The merger was shortly organized by the Swiss authorities on March 19, in response to issues in regards to the potential for a world monetary disaster. This transfer was deemed crucial after the collapse of a number of banks in the USA raised fears of contagion.
UBS has introduced that former CEO, Sergio Ermotti, will return to handle the massive dangers related to the merger. The nameless sources cited within the SonntagsZeitung report recommend that administration is contemplating slicing between 20 per cent and 30 per cent of the workforce, which might lead to a lack of between 25,000 and 36,000 jobs. The report means that as many as 11,000 of those job cuts might happen in Switzerland alone.
Earlier than the merger, UBS and Credit score Suisse had a mixed workforce of barely over 122,000 workers. In consequence, the proposed job cuts would signify a big discount in employees numbers for each banks.
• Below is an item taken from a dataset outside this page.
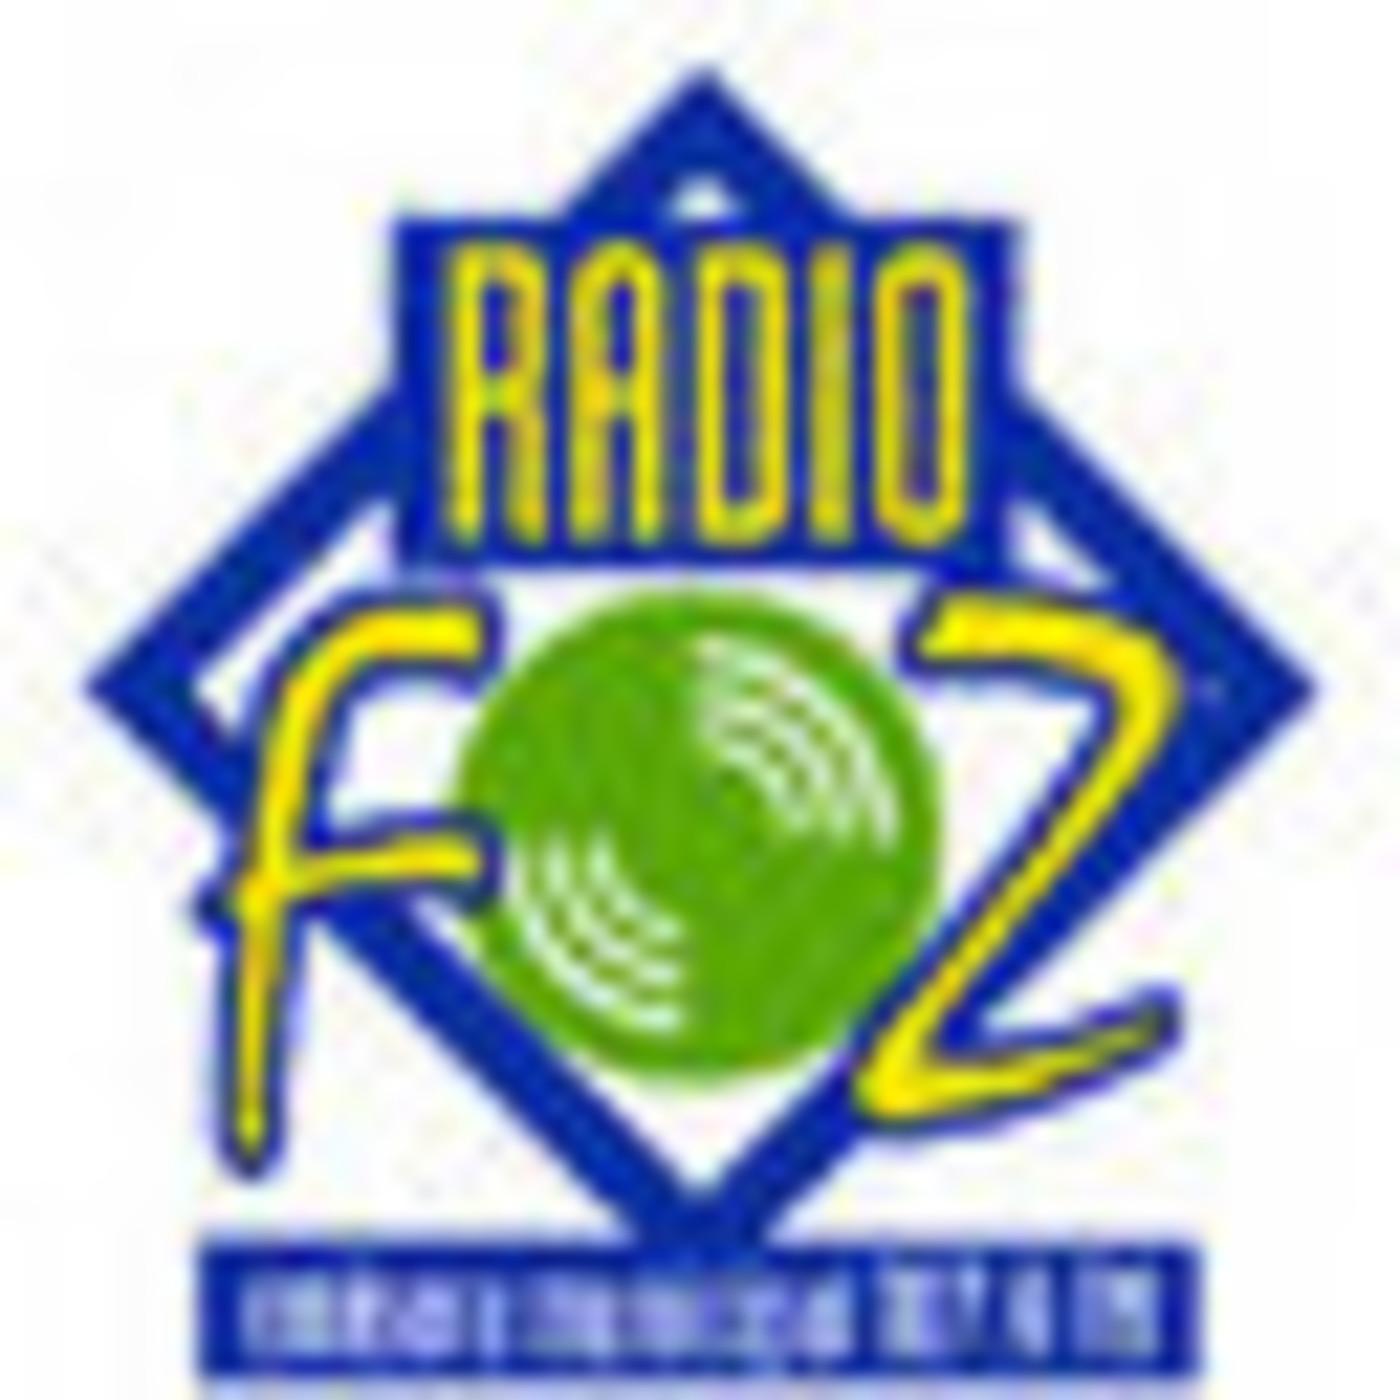 Radio Foz (Lugo - Galicia - Spain)

UBS chairman Colm Kelleher has acknowledged that there are vital dangers related to integrating these two companies.
Over the previous few years, Credit score Suisse has been embroiled in a sequence of scandals which have negatively impacted investor confidence. The financial institution’s involvement within the chapter of British monetary agency Greensill and the collapse of US hedge fund Archegos are among the many most high-profile of those controversies. Moreover, the financial institution has been implicated in a bribery scandal in Mozambique and has been fined $2 million in relation to a cash laundering case involving a Bulgarian cocaine community.